Top of THE DATA

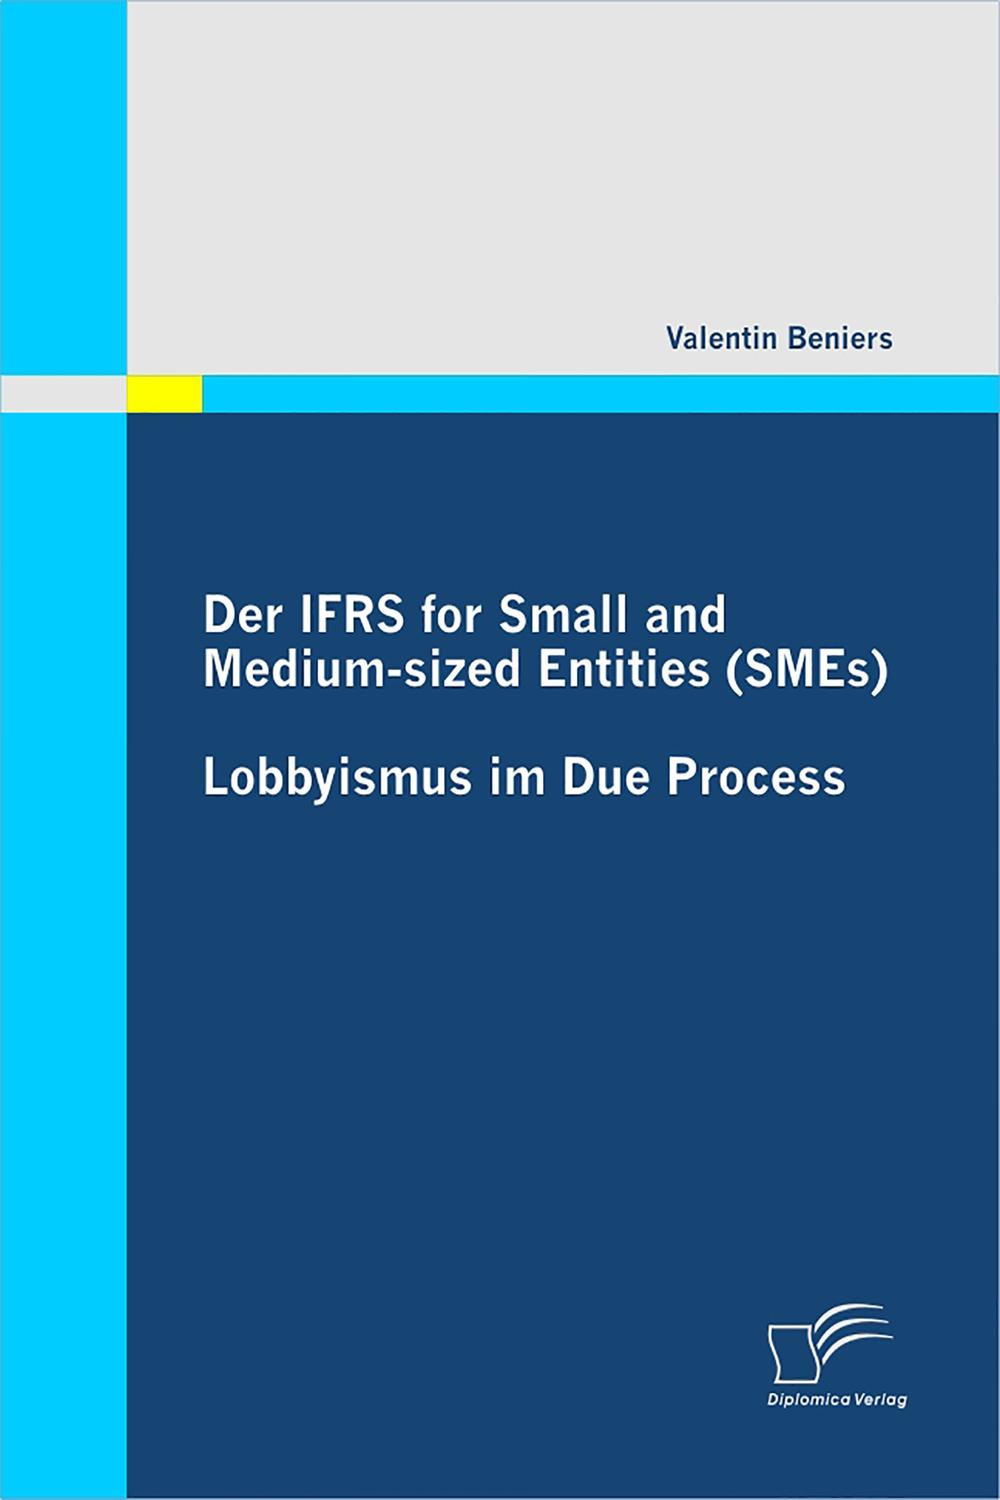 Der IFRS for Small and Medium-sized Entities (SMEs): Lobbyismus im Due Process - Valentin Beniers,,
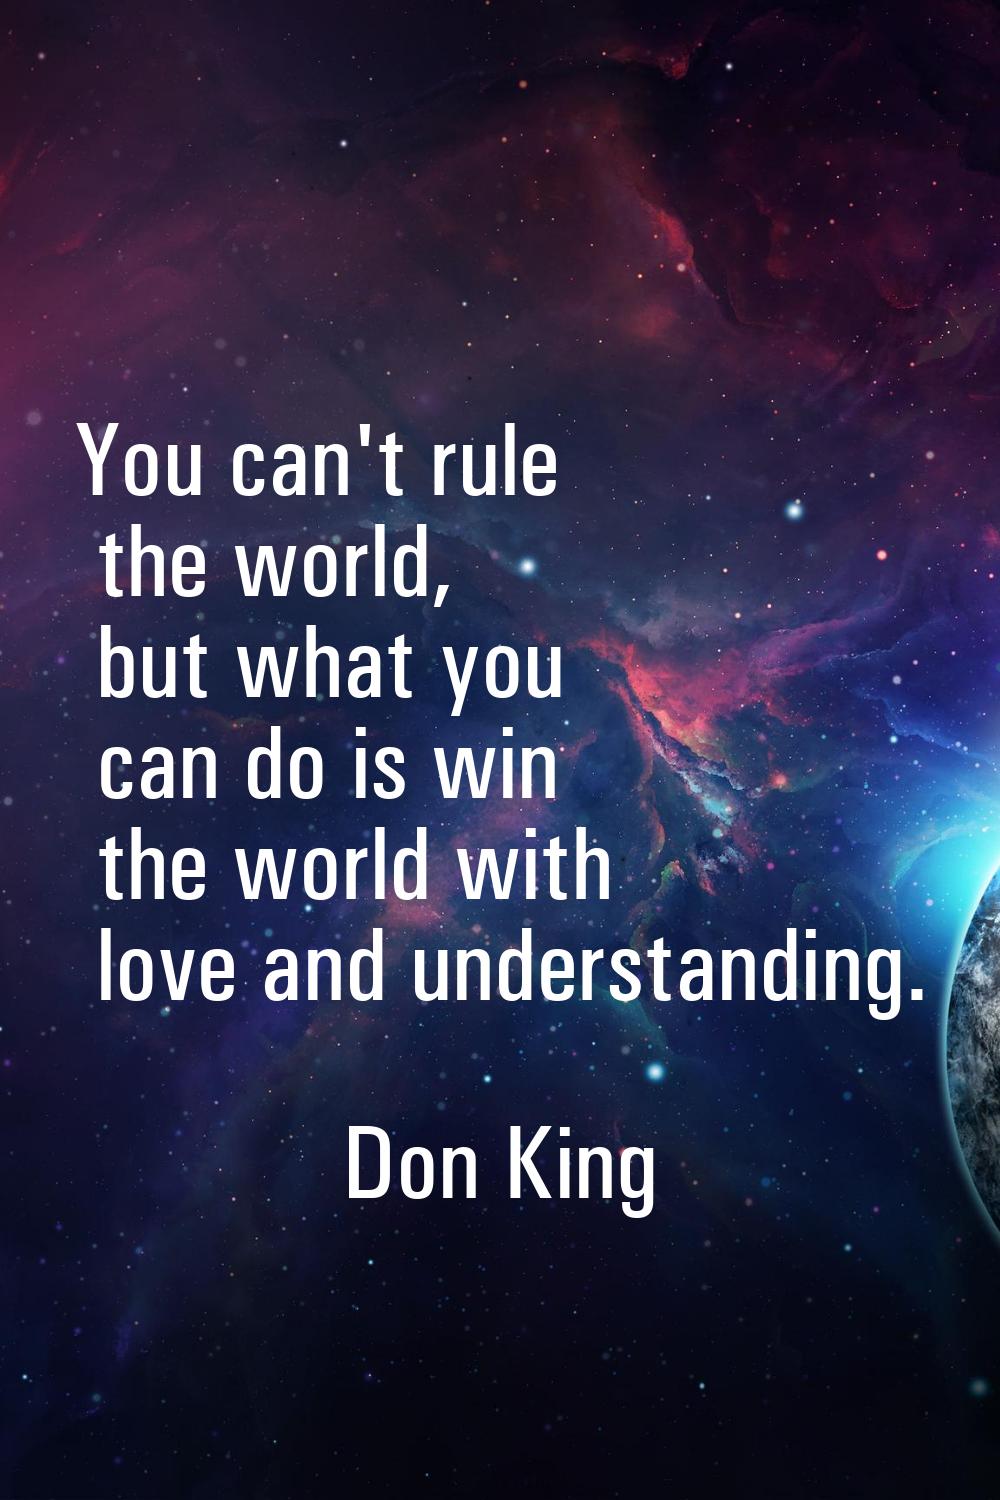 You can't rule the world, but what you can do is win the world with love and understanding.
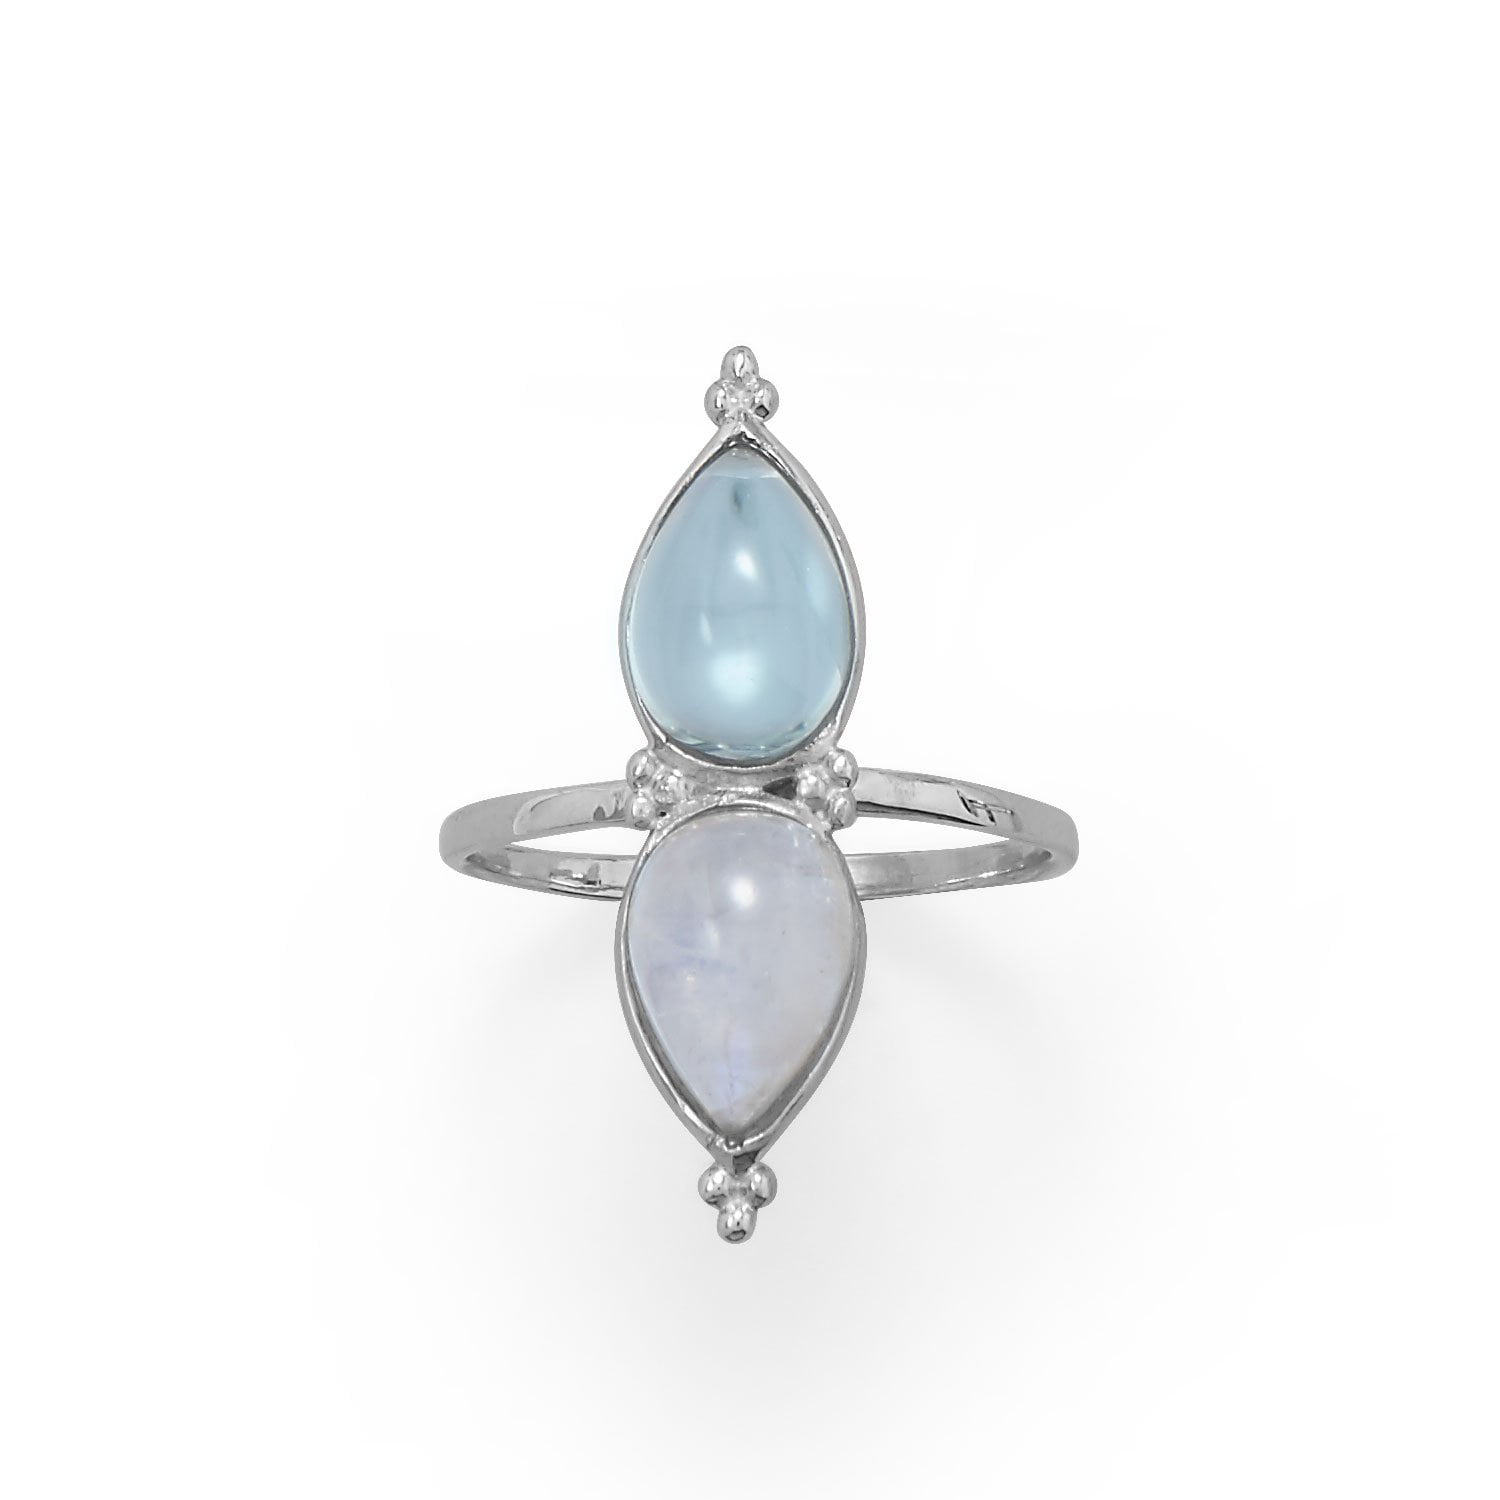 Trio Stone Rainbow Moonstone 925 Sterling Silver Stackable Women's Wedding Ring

Bottom of THE DATA

EXERCISE REQUIREMENTS -> Pictures are not part of the copy. Please reproduce the material word for word.

RESPONSE AREA ->
 Der IFRS for Small and Medium-sized Entities (SMEs): Lobbyismus im Due Process - Valentin Beniers,,
 You can't rule the world, but what you can do is win the world with love and understanding.
 Trio Stone Rainbow Moonstone 925 Sterling Silver Stackable Women's Wedding Ring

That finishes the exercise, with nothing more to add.